#### Data below:
####################

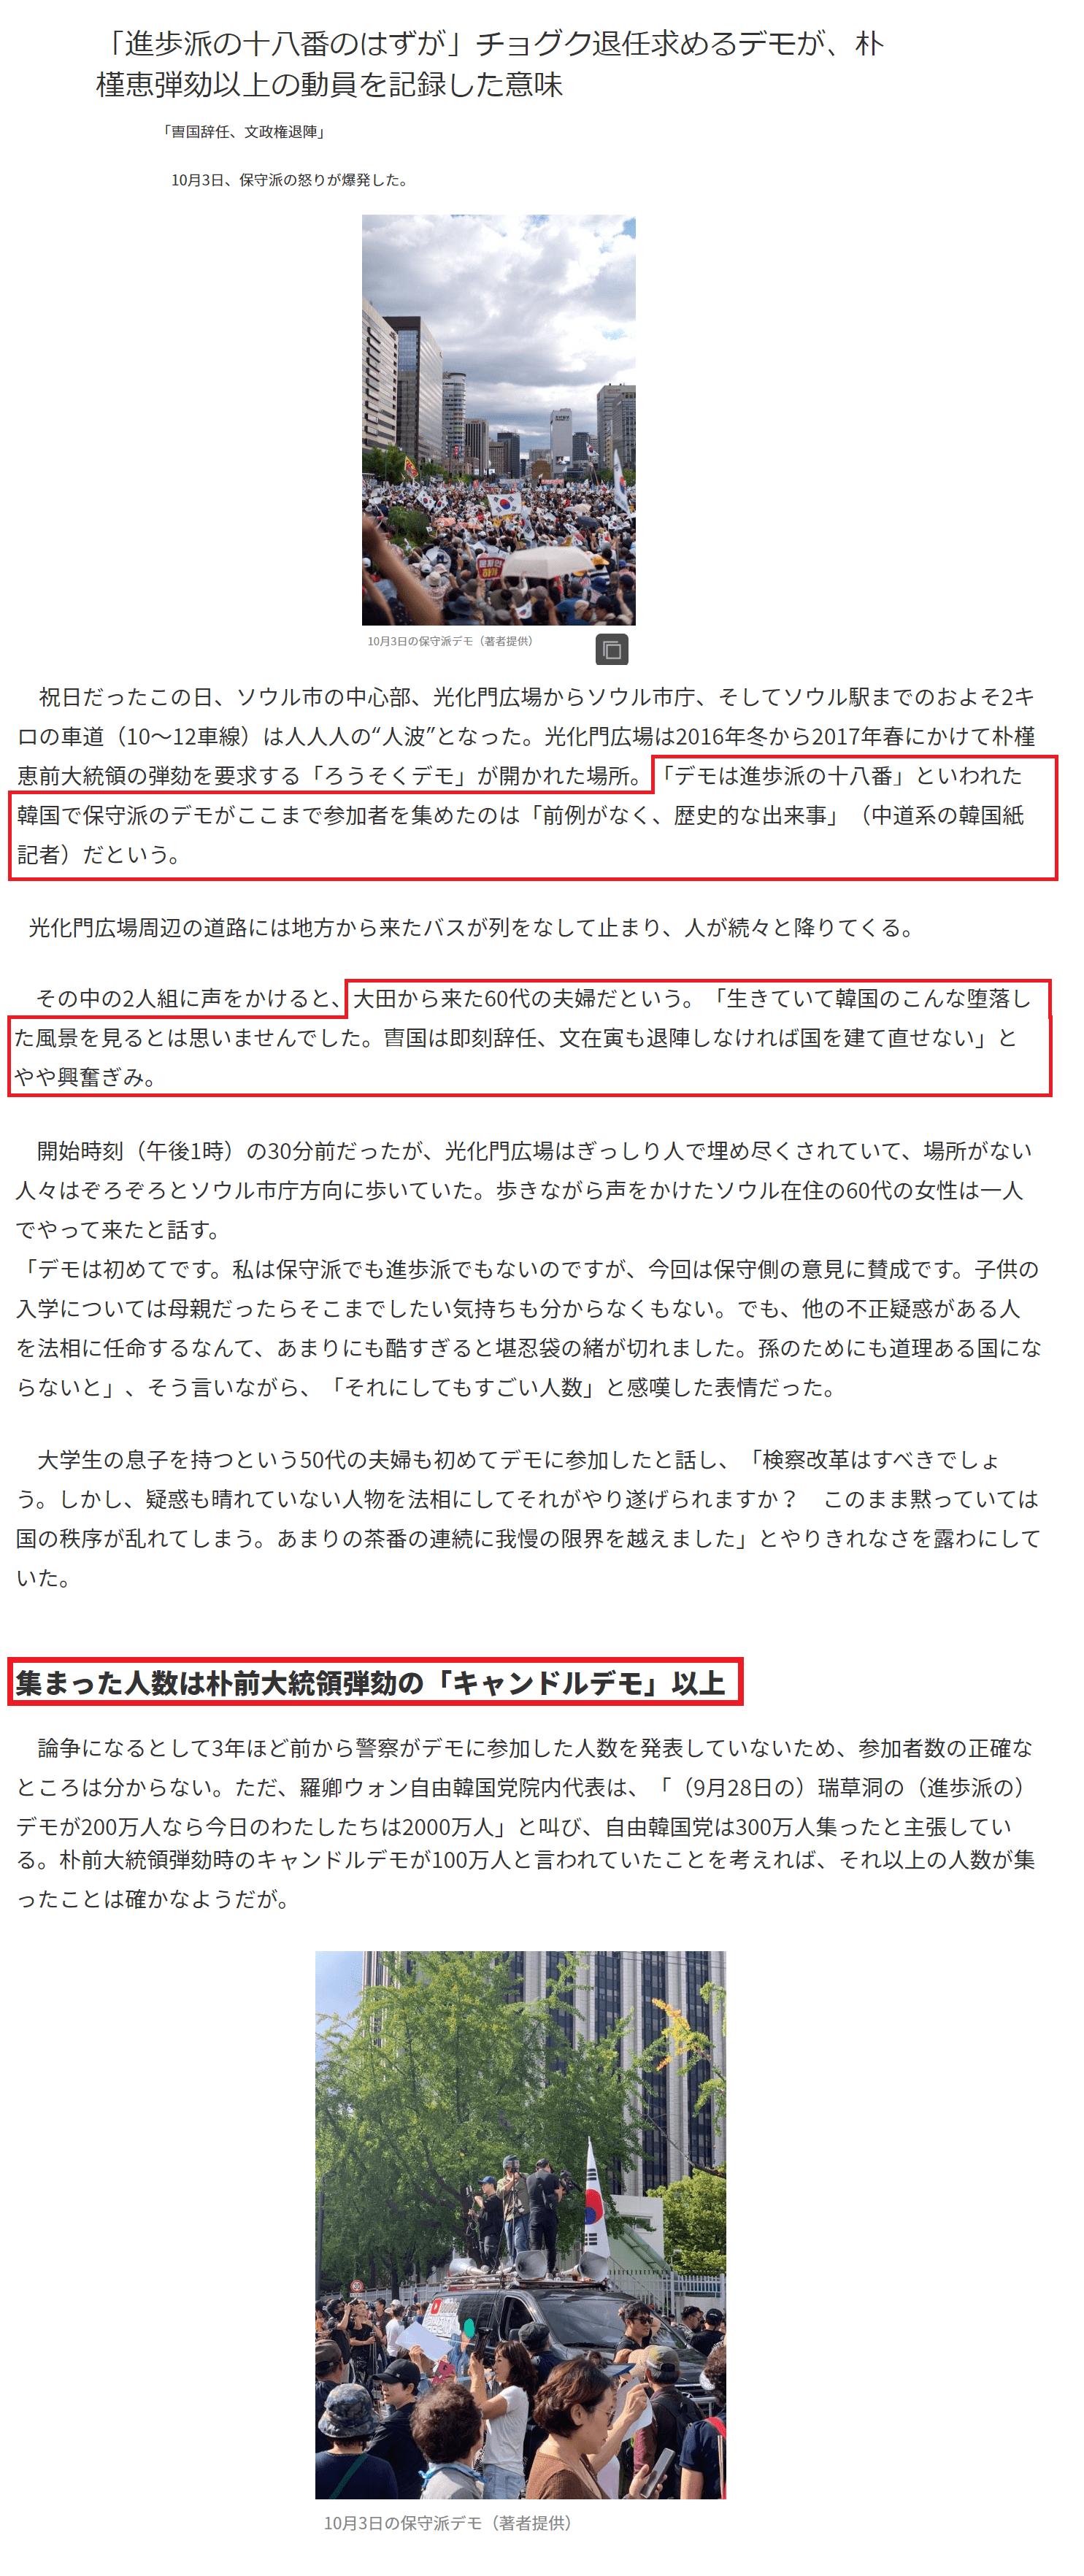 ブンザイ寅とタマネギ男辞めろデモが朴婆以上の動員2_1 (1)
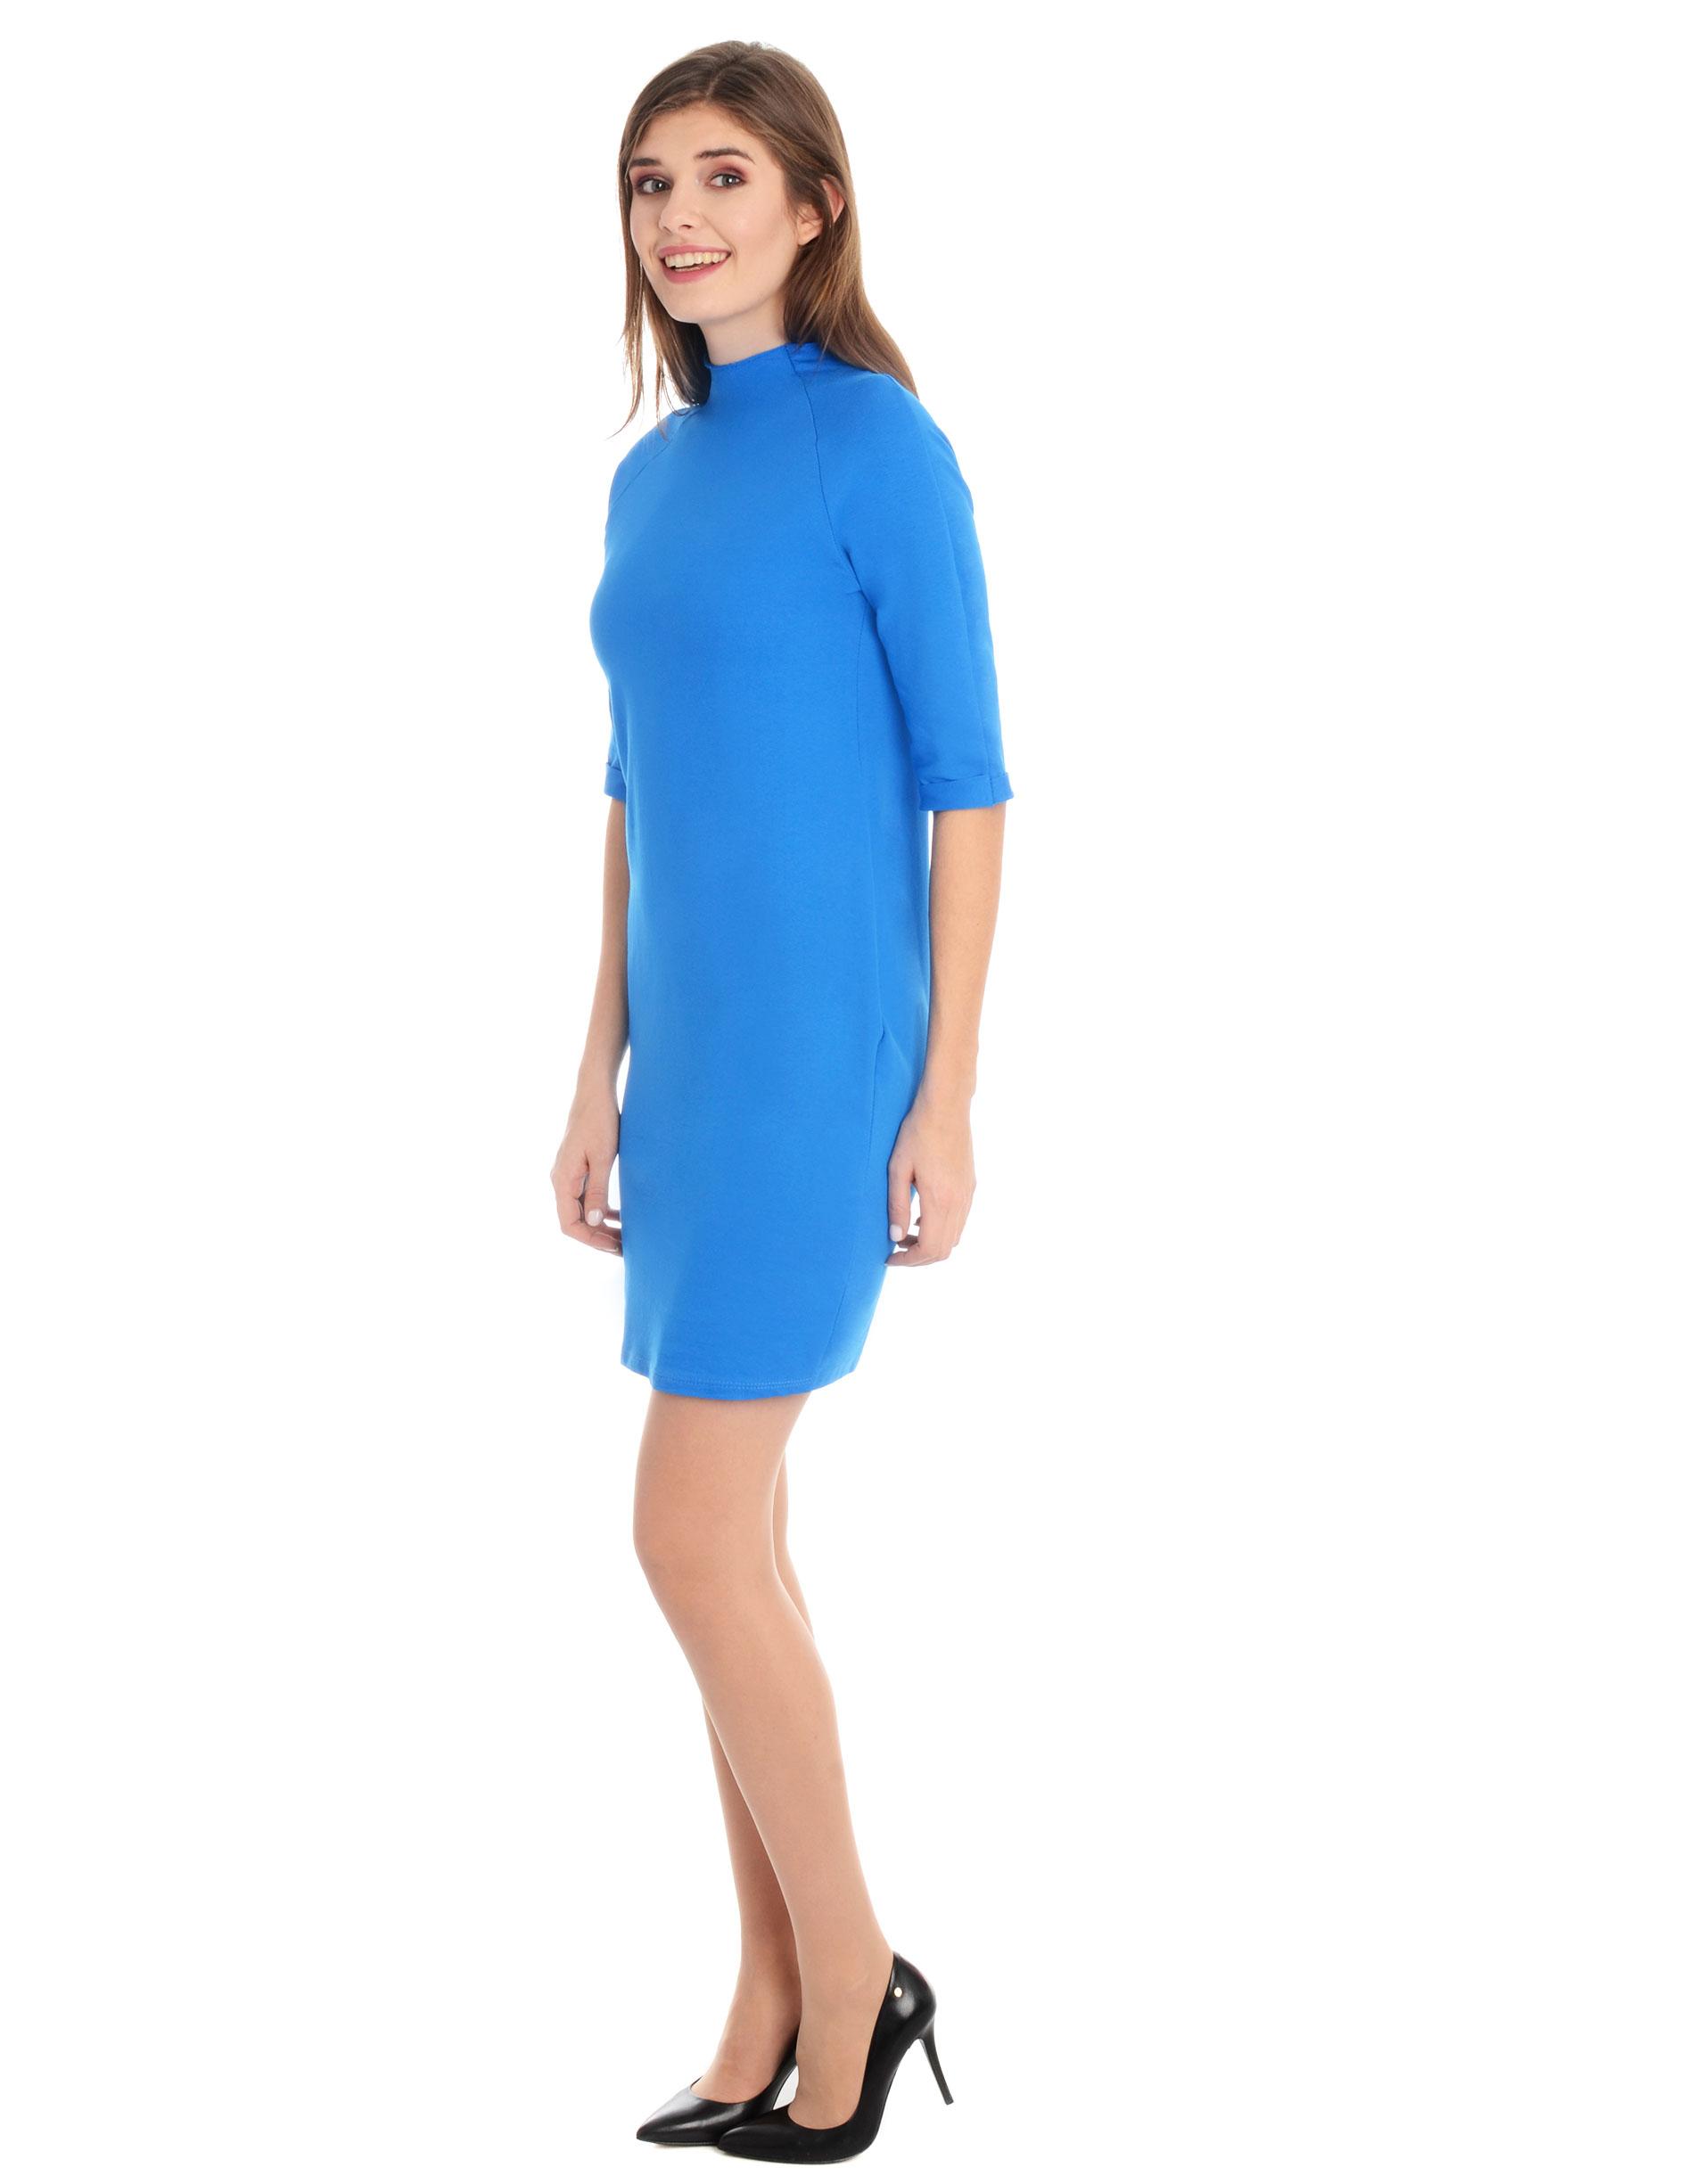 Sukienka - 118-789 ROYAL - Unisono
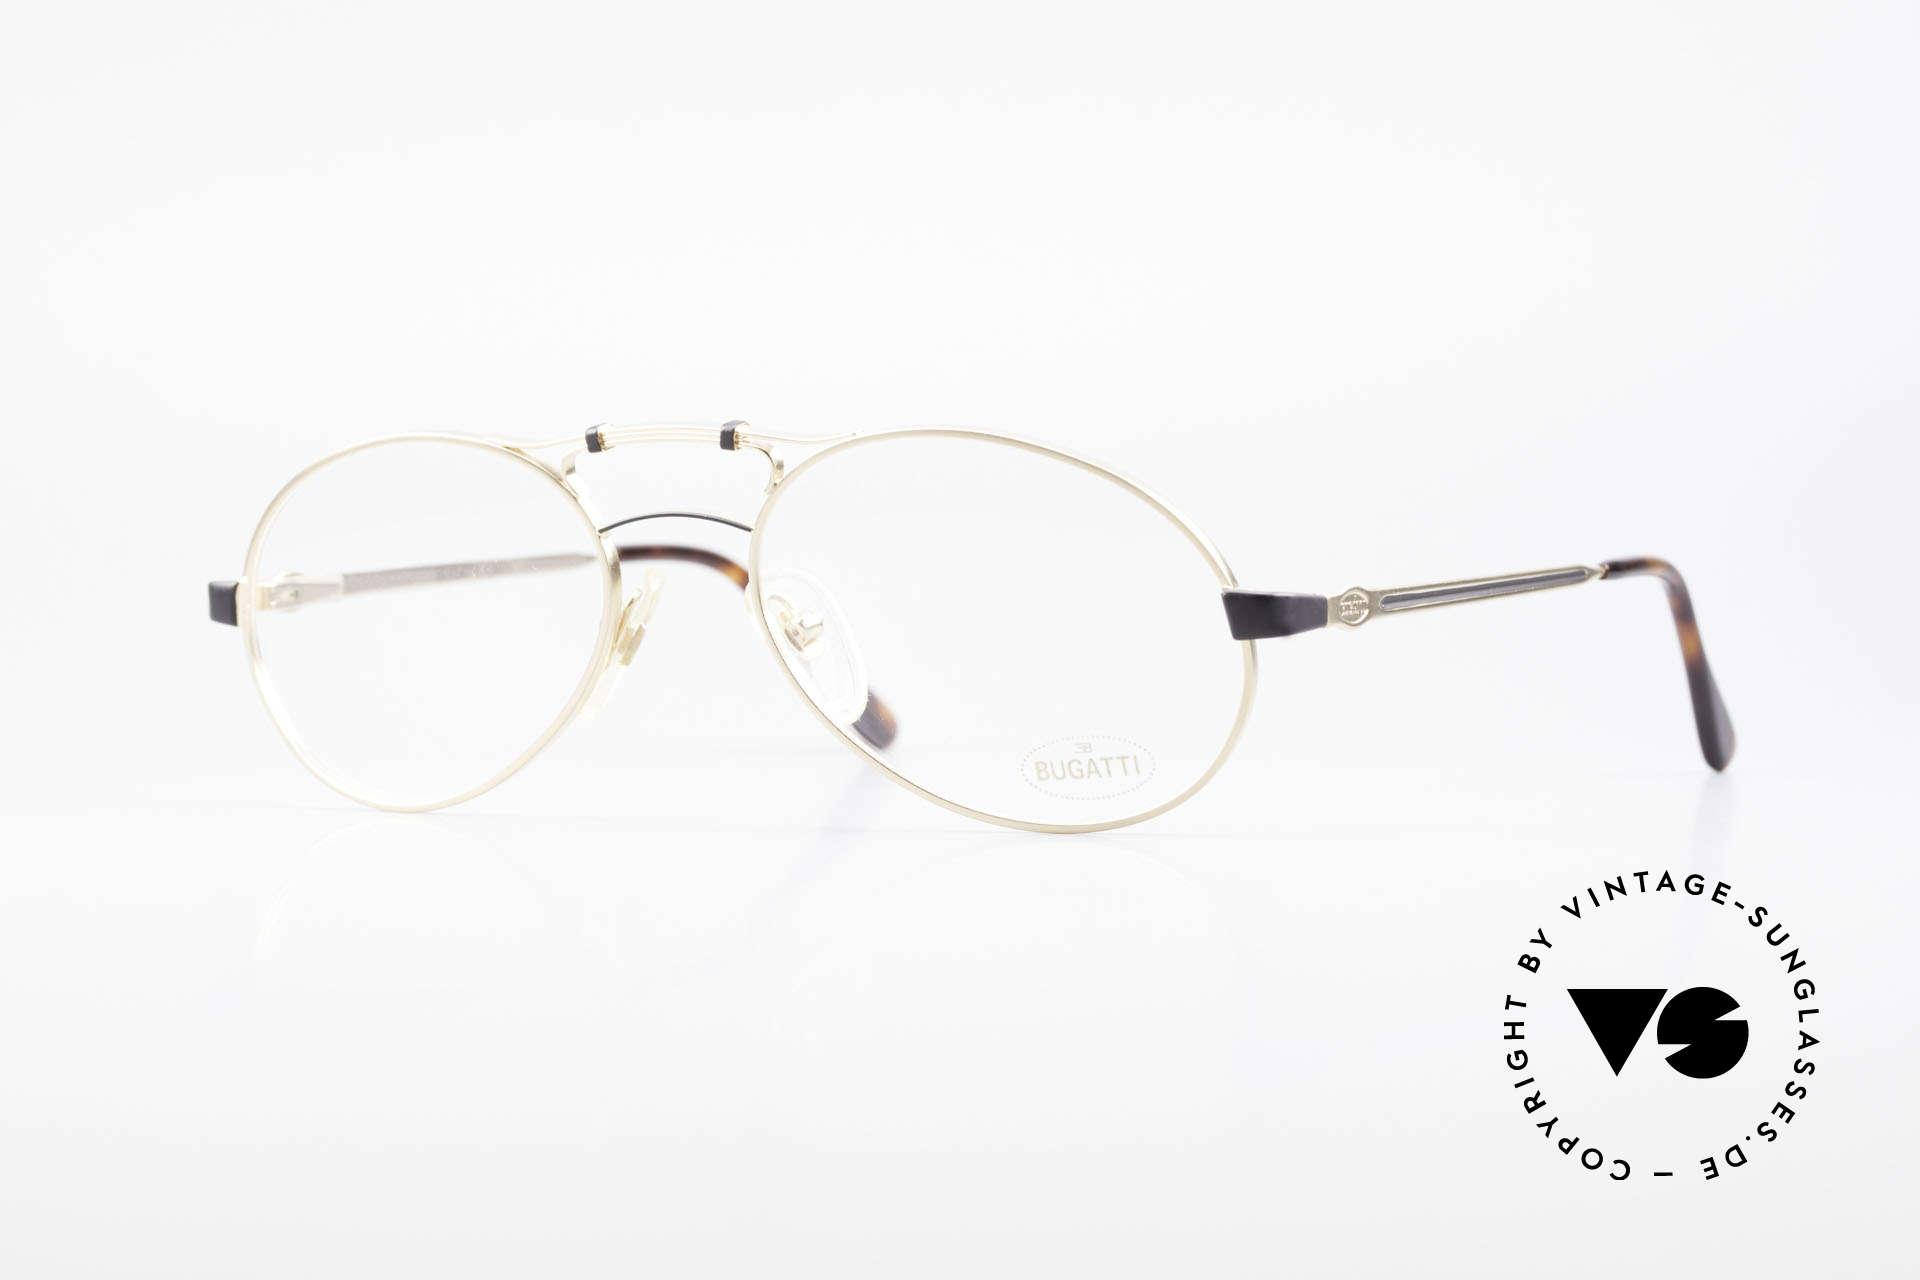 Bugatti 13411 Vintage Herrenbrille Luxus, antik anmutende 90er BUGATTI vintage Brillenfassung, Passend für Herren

####################

#### Problem requirements:
First drop every picture, then print the data above exactly as it stands.

#### Problem solution:
 ブンザイ寅とタマネギ男辞めろデモが朴婆以上の動員2_1 (1)
 Sukienka - 118-789 ROYAL - Unisono
 Bugatti 13411 Vintage Herrenbrille Luxus, antik anmutende 90er BUGATTI vintage Brillenfassung, Passend für Herren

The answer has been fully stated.